This question implies us to get some **statistics**, i.e. the distribution of artistic periods that are subjects of archival collections. This is the simplest **univariate analysis** possible on a dataset. 

 * We consider a *categorial attribute* (the artistic period) 
 * we look for the *numerical* distribution of the categorical attribute in the dataset (counting). 
 
In order to answer this question we need to go through the seven stages of information visualization, namely:

 * acquire
 * parse
 * filter
 * mine
 * represent
 * refine
 * interact 


### 1.1. Acquire and parse

We leverage the RDF dump of ARTchives data (`../resources/artchives.nq`). We parse the data by using the RDFLib python library.

In [1]:
# uncomment if colab
#!pip install rdflib
import rdflib
from rdflib import Namespace , Literal , URIRef
from rdflib.namespace import RDF , RDFS

# bind the uncommon namespaces
wd = Namespace("http://www.wikidata.org/entity/") # remember that a prefix matches a URI until the last slash (or hashtag #)
wdt = Namespace("http://www.wikidata.org/prop/direct/")
art = Namespace("https://w3id.org/artchives/")

# create an empty Graph
g = rdflib.ConjunctiveGraph()

# parse a local RDF file by specifying the format
result = g.parse("https://raw.githubusercontent.com/marilenadaquino/information_visualization/main/2022-2023/resources/artchives.nq", format='nquads')

#### 1.1.2  Filtering

In order to answer our research question we need to work only on a **subset of the graph**.
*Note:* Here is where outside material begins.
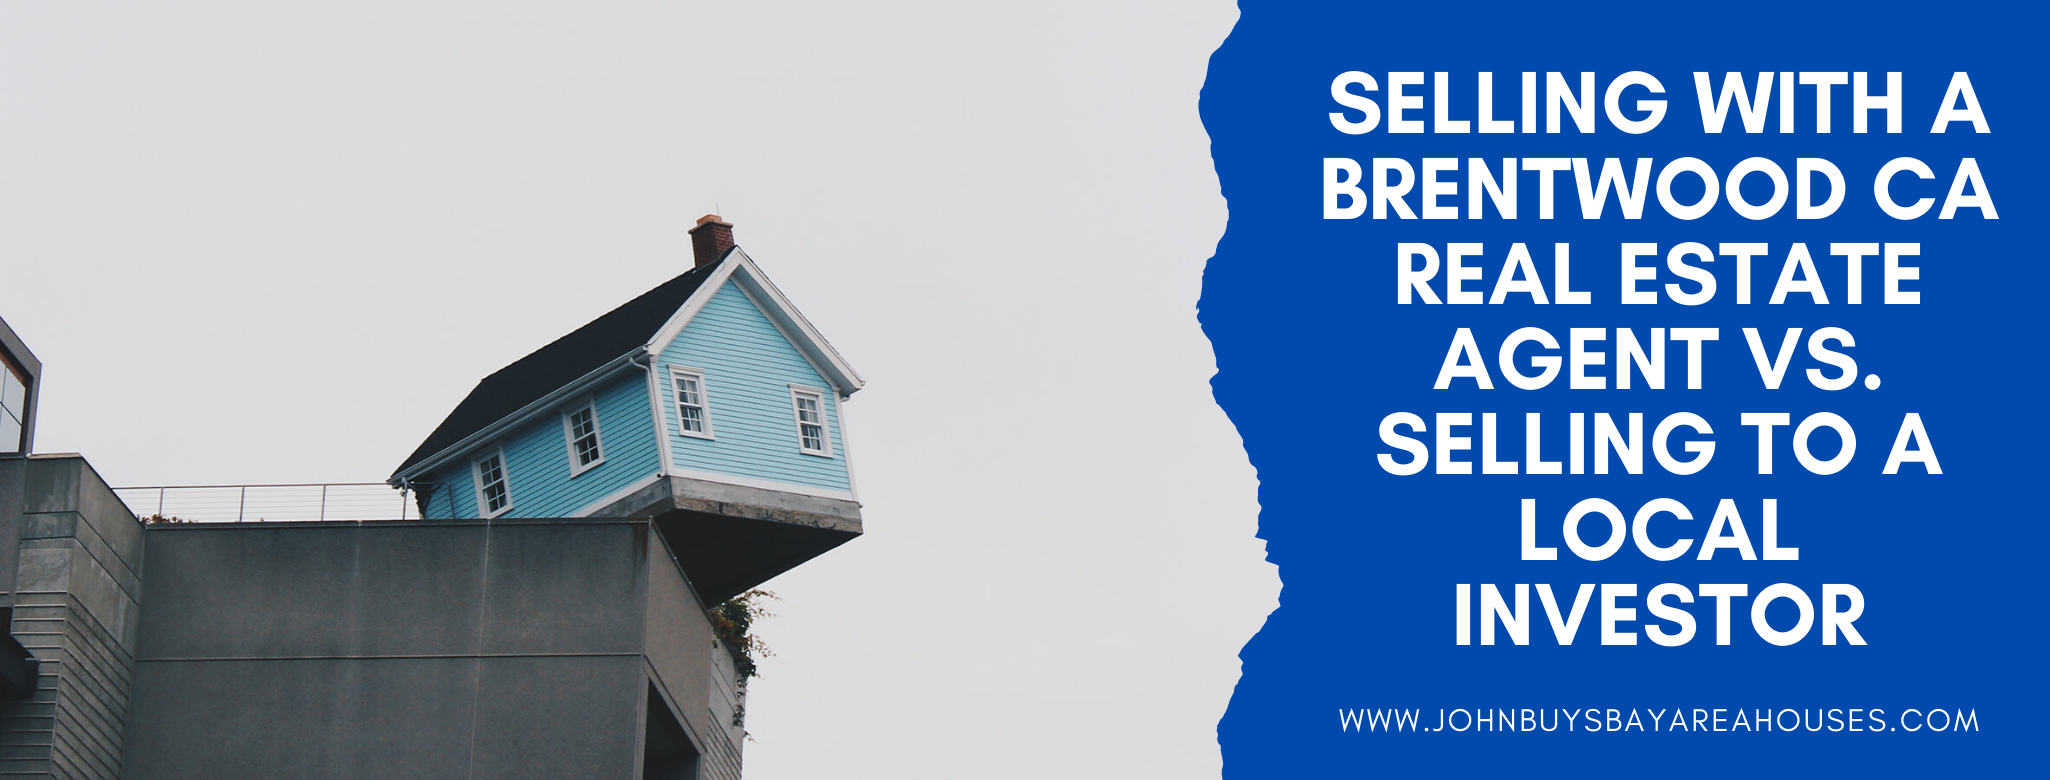 We buy properties in Brentwood CA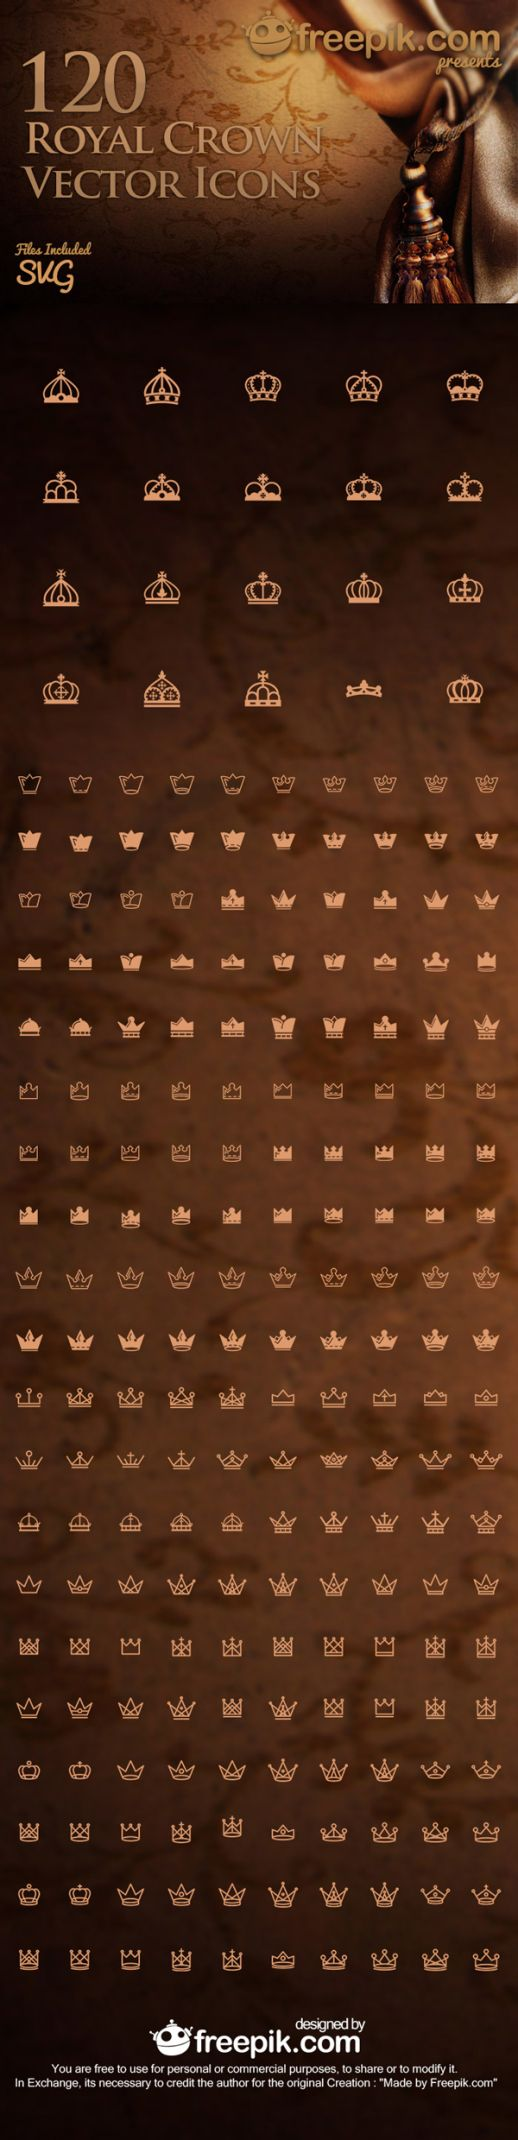 Royal Crown Free Vector Icon Set

 * archival collections (individuals of the class `wd:Q9388534`)
 * subjects of the collections (`wd:Q9388534 > wdt:P921 > ?period`)
 * among the subjects, we have artistic and historical periods. Subject periods are also the range of the property `art:hasSubjectPeriod`. 

We need to extract **for each artistic period**: 
 
 * only one name associated to the artistic period (values of the property `art:hasSubjectPeriod / rdfs:label`)
 * all the collections linked to the artistic period (the domain of the property `art:hasSubjectPeriod`)
 * the counting of collections linked to the artistic period (either in SPARQL via `(COUNT(?collections) AS ?count)` or in python)

Step by step:

 * We query the graph, looking for periods and collections. Rather than iterating over triples, we use a sparql query. 
 * We ask for collections `?coll`, their labels `?coll_label`, their associated artistic period `?period`, and their label `?period_label`. 
 * We want only one label for each term (collection or period), hence we use `SAMPLE` to return 1 label.

In [None]:
# query the graph
query_periods = g.query(
    """SELECT (SAMPLE(?coll_label) AS ?coll) (SAMPLE(?label) AS ?period_label) # we want only one label!
    WHERE {
        ?coll <https://w3id.org/artchives/hasSubjectPeriod> ?period ; 
              rdfs:label ?coll_label .
        ?period rdfs:label ?label .
    }
    GROUP BY ?period ?coll
    ORDER BY ?period_label""") 

# try the query on http://artchives.fondazionezeri.unibo.it/sparql to see the results!
for coll, period in query_periods:
  print(period.strip(), " - ", coll)

### 1.2 Mine data

In order to use some popular python library for data mining and visualization we must transform data in **tabular form**. 
We prepare a table (a .csv file) with two columns (`collection`, `period_label`) and we store results of the query there.

In our case, we want to plot the distribution of periods in a **bar chart**. Therefore we filter graph to get data about collections and subject periods, and we create a table wherein each row includes (1) a collection and (2) an artistic period.

In [3]:
# import csv built-in library
import csv

# prepare the csv file
with open('periods_count.csv', mode='w') as my_file:
    my_writer = csv.writer(my_file, delimiter=',', quotechar='"', quoting=csv.QUOTE_ALL)
    # write the column names
    my_writer.writerow(['collection', 'period_label'])
    
    # access the list of tuples of the query results
    for res in query_periods:
        # write in the csv
        my_writer.writerow([res['coll'], res['period_label'].strip()])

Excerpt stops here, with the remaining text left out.